Valencia spoke to KFOX14 while attending the National Education Association conference in Boston. She says this bill would be bad for her group and many others in the Borderland.

“They’re trying to crush us is what they're trying to do. If you stop our union dues or our association dues, we would lose our membership overnight because it would go into effect immediately,” Valencia said.

The bill does not affect unions for emergency responders, meaning police officers, firefighters and other first responders would not be affected.

"They're picking and choosing as to who they want to basically damage,” Valencia said.

Texas State Rep. Joe Moody says the bill is more about politics that saving taxpayer money.

“It's a solution in search of a problem where a problem doesn't exist,” Moody said.

Moody says there are already laws that protect taxpayer money, such as with teachers’ unions.

“The government code already for today allows for the independent school district to charge the association to offset that cost,” Moody said.

Moody believes the bill cherry-picks some unions to hurt while leaving others unscathed.

“Why are we doing it to some and not to others? If you have them, we should be fair about it and right now the system is a fair one so I just don't see a need to change any of this,” Moody said.

However, at least one teacher’s union is already bracing for the backlash. Ross Moore from the El Paso American Federation of Teachers says he was worried a previous version of the bill would pass in 2015 and started preparing.

“After that session I made a conscious decision to move my local (union) over to alternate dues collection.
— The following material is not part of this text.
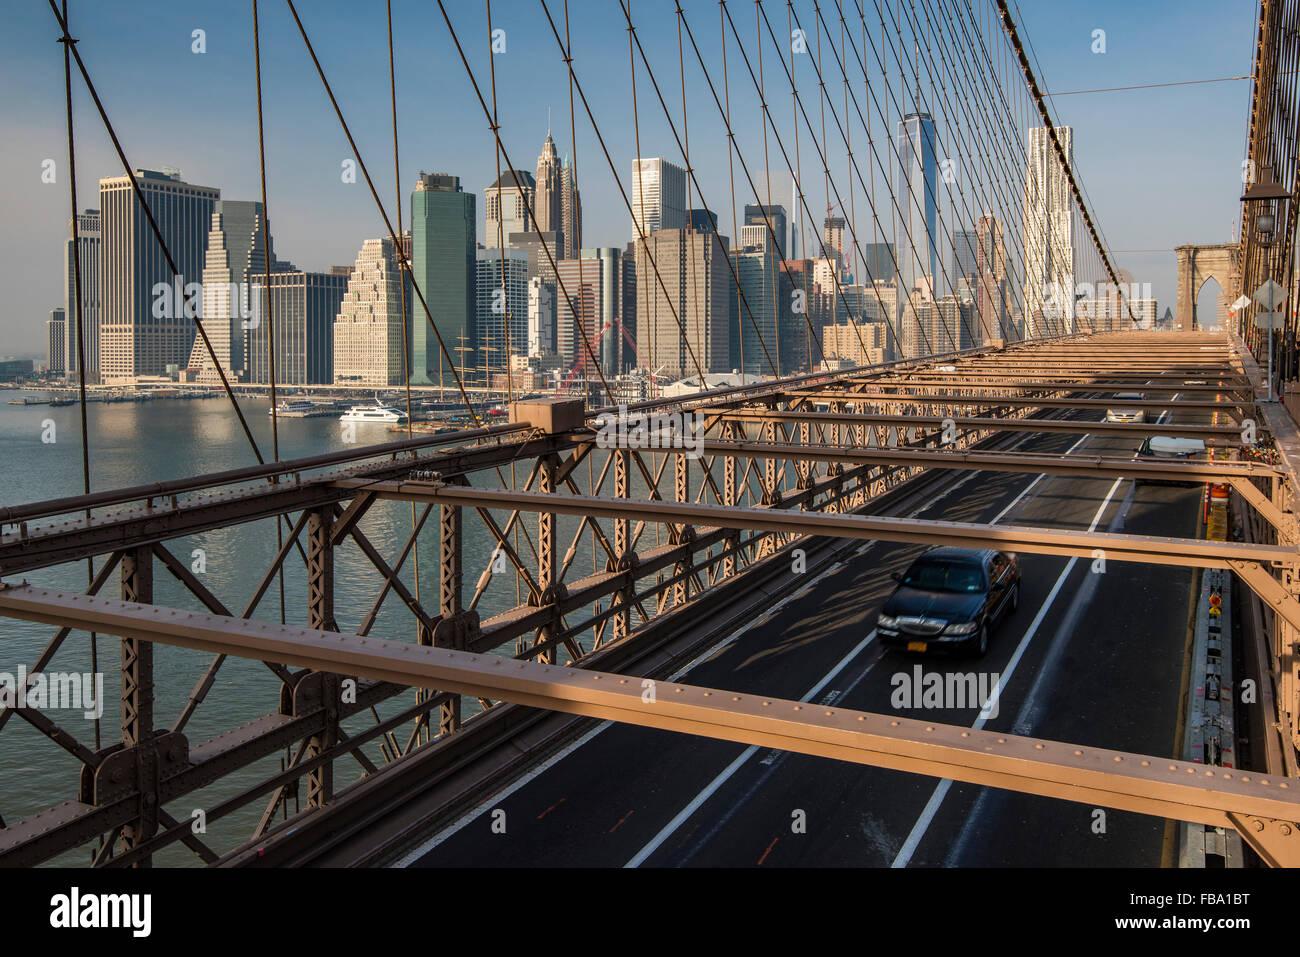 Puente de Brooklyn con Manhattan skyline detrás, Nueva York, EE.UU. Imagen De Stock

So if it passes, this is a very bad bill, it will hurt some folks, but my local and EPISD will be fully functional and provide all the services that my members have come to expect,” Moore said.

Moore says he’s already converted about 57 percent of his members to alternate payment methods such as paying for three, six or nine months at a time.

Moore says he’s working to make sure the bill will not be the end of his union and he is encouraging others to do the same.

“We're going to be here, we're ready for this,” Moore said.

The special session begins on July 18.